Can unconscious bias be inferred when taking into account the subjective intention of an employer, (what the employer really thought), when she or he acts against an employee? The recent High Court’s (HCA) decision on The Board of Bendigo Regional Institute of Technical and Further Education v Barclay  (Barclay) focused on whether the law can go as far to say that an organisation can be held accountable for thoughts it is not aware of when it comes to adverse action, including firing and disciplining an employee.
Mr Barclay, an employee of Bendigo Regional Institute of Technical and Further Education (BRIT), and a delegate of the Australian Education Union (AEU), sent an email to members of the AEU employed at BRIT stating that several members had advised him they had been asked to produce false and fraudulent documents for an audit. After this email was drawn to BRIT’S attention, the CEO, Dr Louise Harvey, issued a letter to Mr Barclay asking that he provide details as to why he should not be subject to disciplinary action because of his behaviour. Mr Barclay was unwilling and unable to provide such proof and was consequently suspended from his job while his employer undertook an investigation into the matter. Mr Barclay, supported by the AEU, initiated Federal Court proceedings alleging that he had been subject to adverse action, as a result of his involvement with the union, in breach of s.346 of the Fair Work Act 2009 (Cth) (FW Act).

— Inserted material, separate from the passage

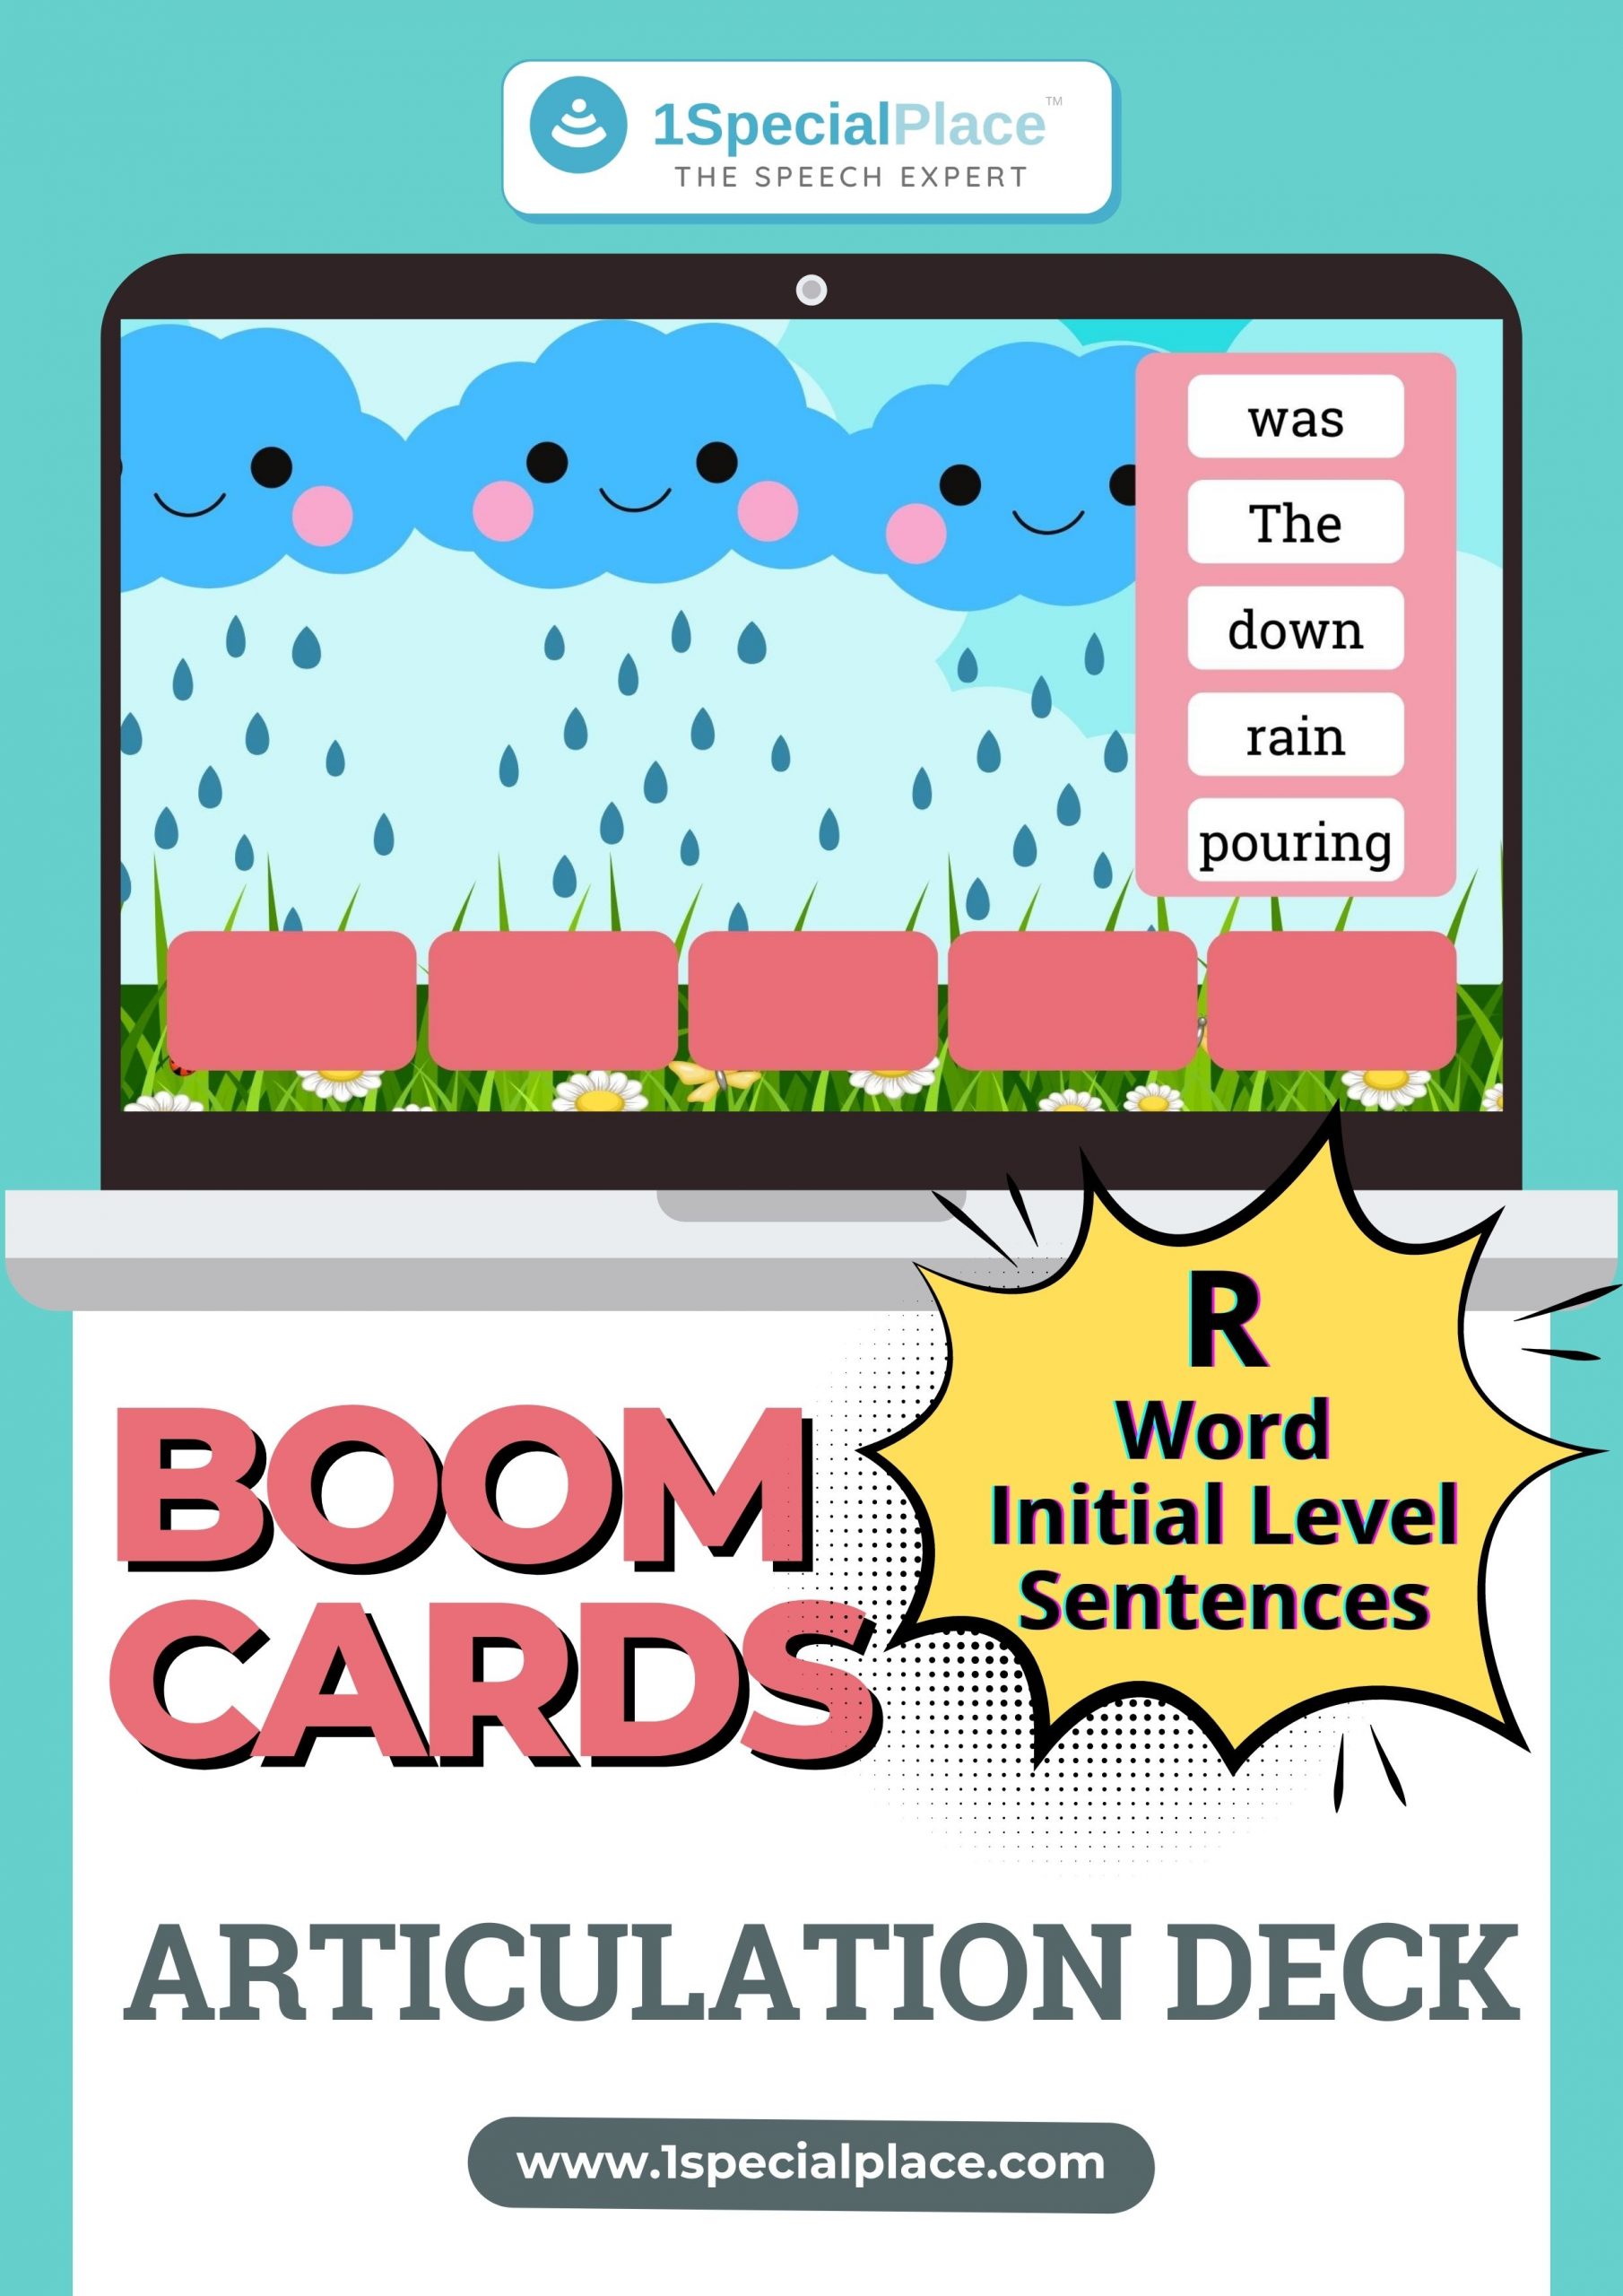 R word initial level sentences boom cards

S.346 of the FW Act prohibits an employer from taking adverse action against an employee because that employee is an officer or member of an industrial association, or because that employee engages or proposes to engage in particular kinds of industrial activity. Under s.361 of the FW Act, adverse action taken against an employee will be presumed to be action taken for a prohibited reason unless the employer responsible for taking the adverse action proves otherwise.
A lower court, (Full Court of the Federal Court), had decided that even though Dr Harvey had emphatically denied that her decision was influenced by Mr Barclay’s union status, that this fact must have nevertheless played a role subconsciously in the decision she took. This decision was particularly troubling for employers because it meant that regardless of their subjective intention, a court could take a broader view and construe that the ‘real’ reason for an employer’s action was a prohibited reason. In this way, an employer could never win an adverse action case.
The High Court of Australia (HCA) found that Dr Harvey had not taken adverse action against Mr Barclay for any reason associated with his position as an officer of the AEU or with his engagement in industrial activity. Dr Harvey was deemed a credible witness and BRIT was found not to have contravened s.346 of the FW Act.
The HCA found that the distinction between ‘subjective’ and ‘objective’ considerations adopted by the lower court was in error. On appeal to the lower court, it was controversially decided that there was not enough evidence to prove that the adverse action hadn’t at least been taken, in part, as a result of the employer’s ‘subconscious’ association of the employer with the union’s activity.
The lower court referred to a House of Lords (HOL) Case Chief Constable of West Yorkshire Police v. Khan  (Khan) where Lord Nicholls stated that the court must focus on “why did the alleged discriminator act as he had? What consciously or unconsciously, was his reaction?”
However, in a more recent HOL case, Derbyshire v St Helens Metropolitan Borough Council , Lord Bingham summarised Lord Nicholl’s proposition in Khan as “what matters is the discriminators subjective intention: what was he seeking to achieve by treating the alleged victim as he did?” According to the HCA, “this formulation has no reference to the unconscious.” Essentially, the focus should only be on why the employer thought they made the decision they did, their subjective intention.
Effectively, the HCA established that if a witness gives evidence, which on the face of it is credible, it cannot be rejected based on hypothetical, inferred ideas, as an employer could never win such an adverse action case. For example, an almost impenetrable shield against legitimate disciplinary action against unionists would have existed.
This case is interesting in terms of unconscious bias because Barclay appears to establish a precedent that it would be extremely difficult, to prove in retrospect, that an employer’s actions were influenced by unconscious reasoning when considering taking action against an employee, under the FW Act.
The judgement is correct on the facts. However, in principle subjective intention, which could theoretically incorporate unconscious bias, could be taken into account when the right case presents itself. Perhaps, in time, Australian courts will recognise the power of unconscious bias and how it impacts on every day decisions in the workplace.